### Exercise goal
Write out the line with "Basic modeling" and every later line through the end of the data below, exactly as given, with no pictures in the copy.

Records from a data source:
Segment Open

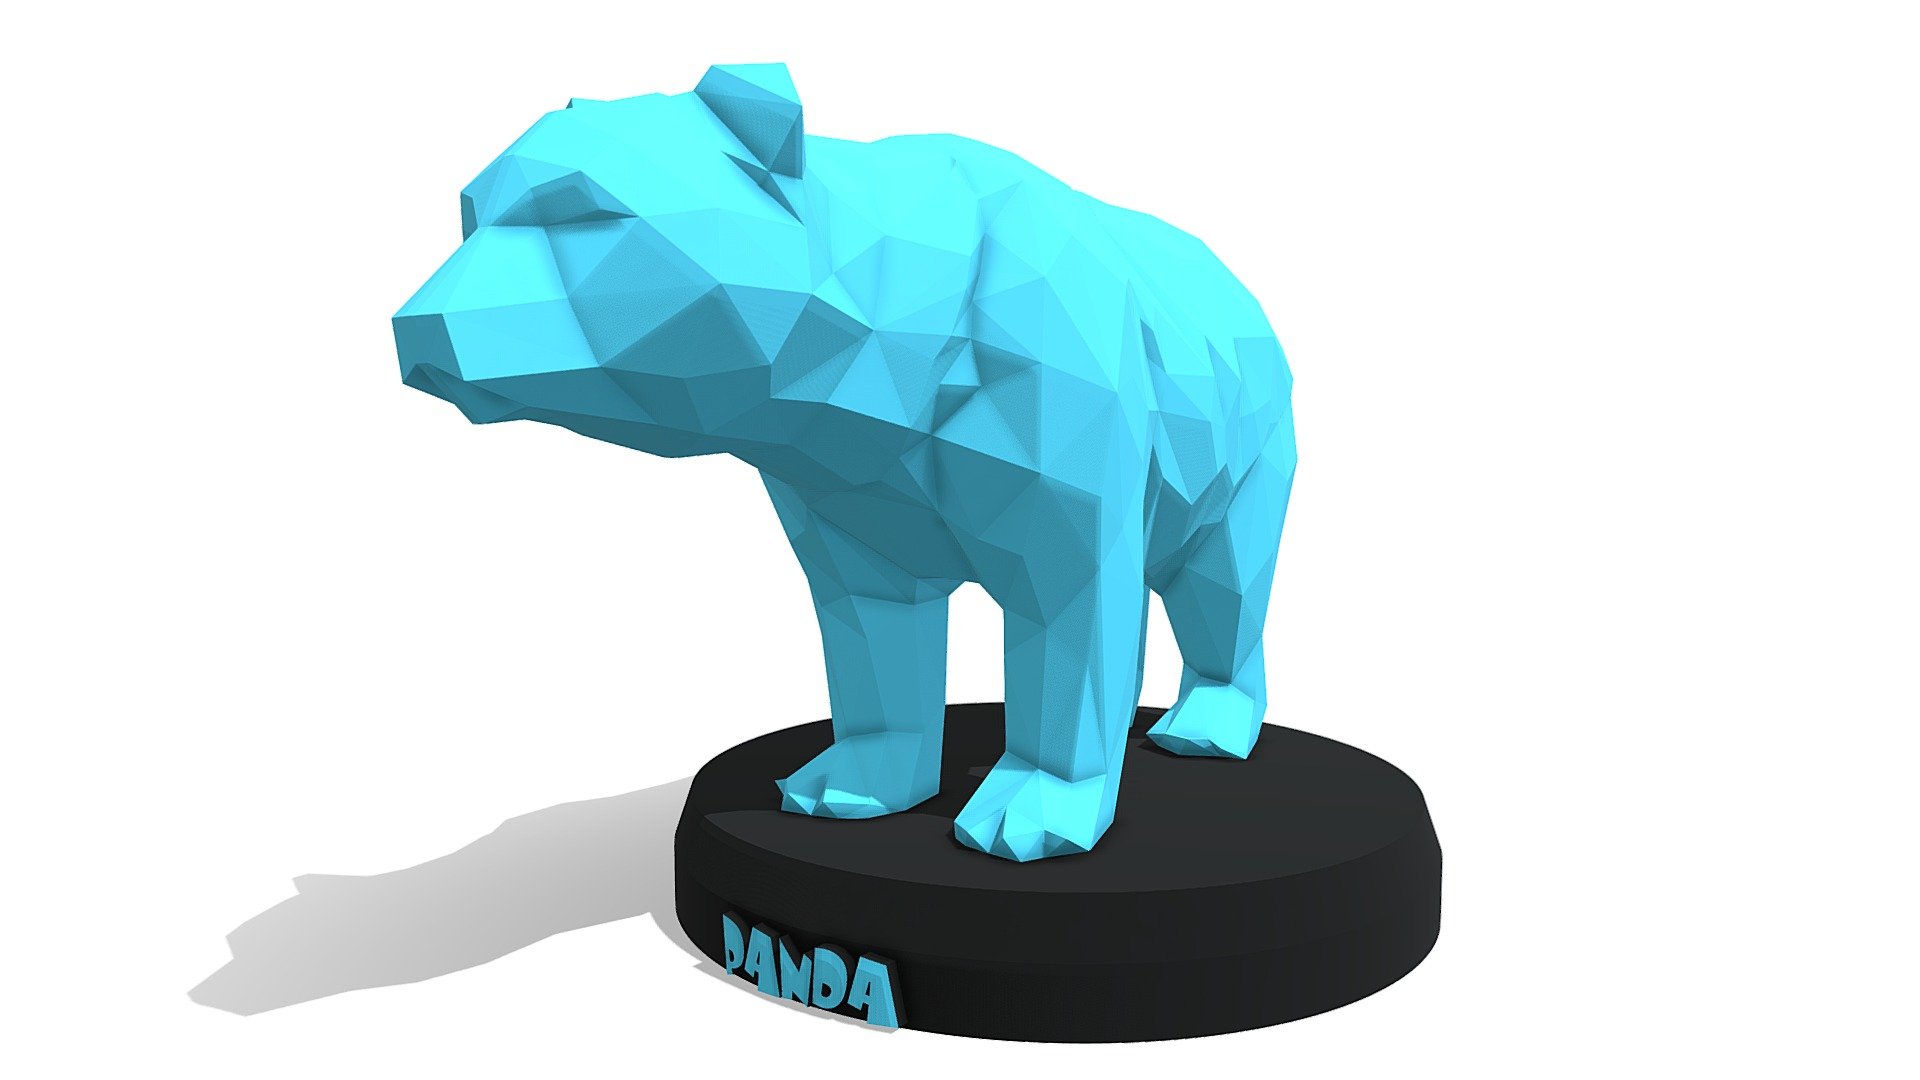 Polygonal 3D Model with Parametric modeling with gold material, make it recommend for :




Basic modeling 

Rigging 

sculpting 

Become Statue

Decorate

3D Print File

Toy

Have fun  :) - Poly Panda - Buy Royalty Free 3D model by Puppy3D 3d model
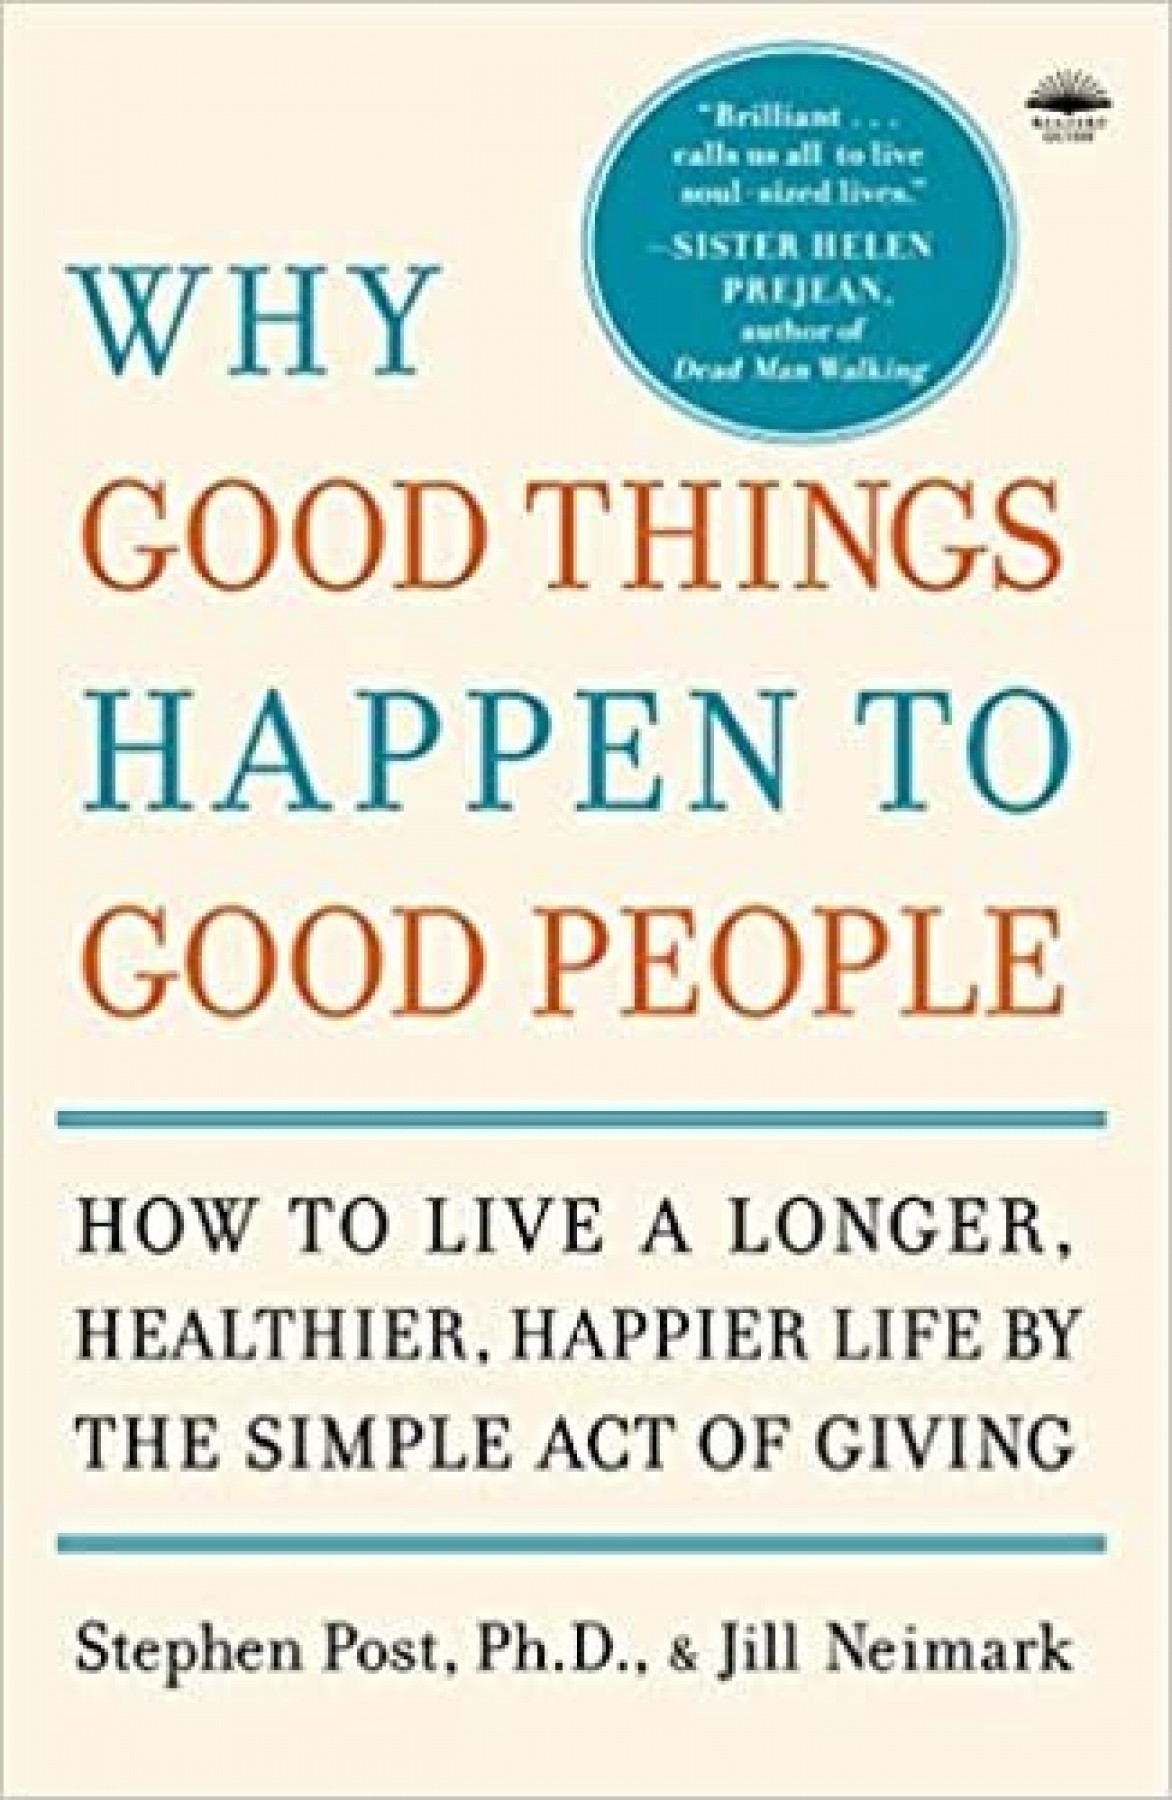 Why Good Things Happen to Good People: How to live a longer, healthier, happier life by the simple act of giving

Segment Closed

### Exercise response
Basic modeling 

Rigging 

sculpting 

Become Statue

Decorate

3D Print File

Toy

Have fun  :) - Poly Panda - Buy Royalty Free 3D model by Puppy3D 3d model
 Why Good Things Happen to Good People: How to live a longer, healthier, happier life by the simple act of giving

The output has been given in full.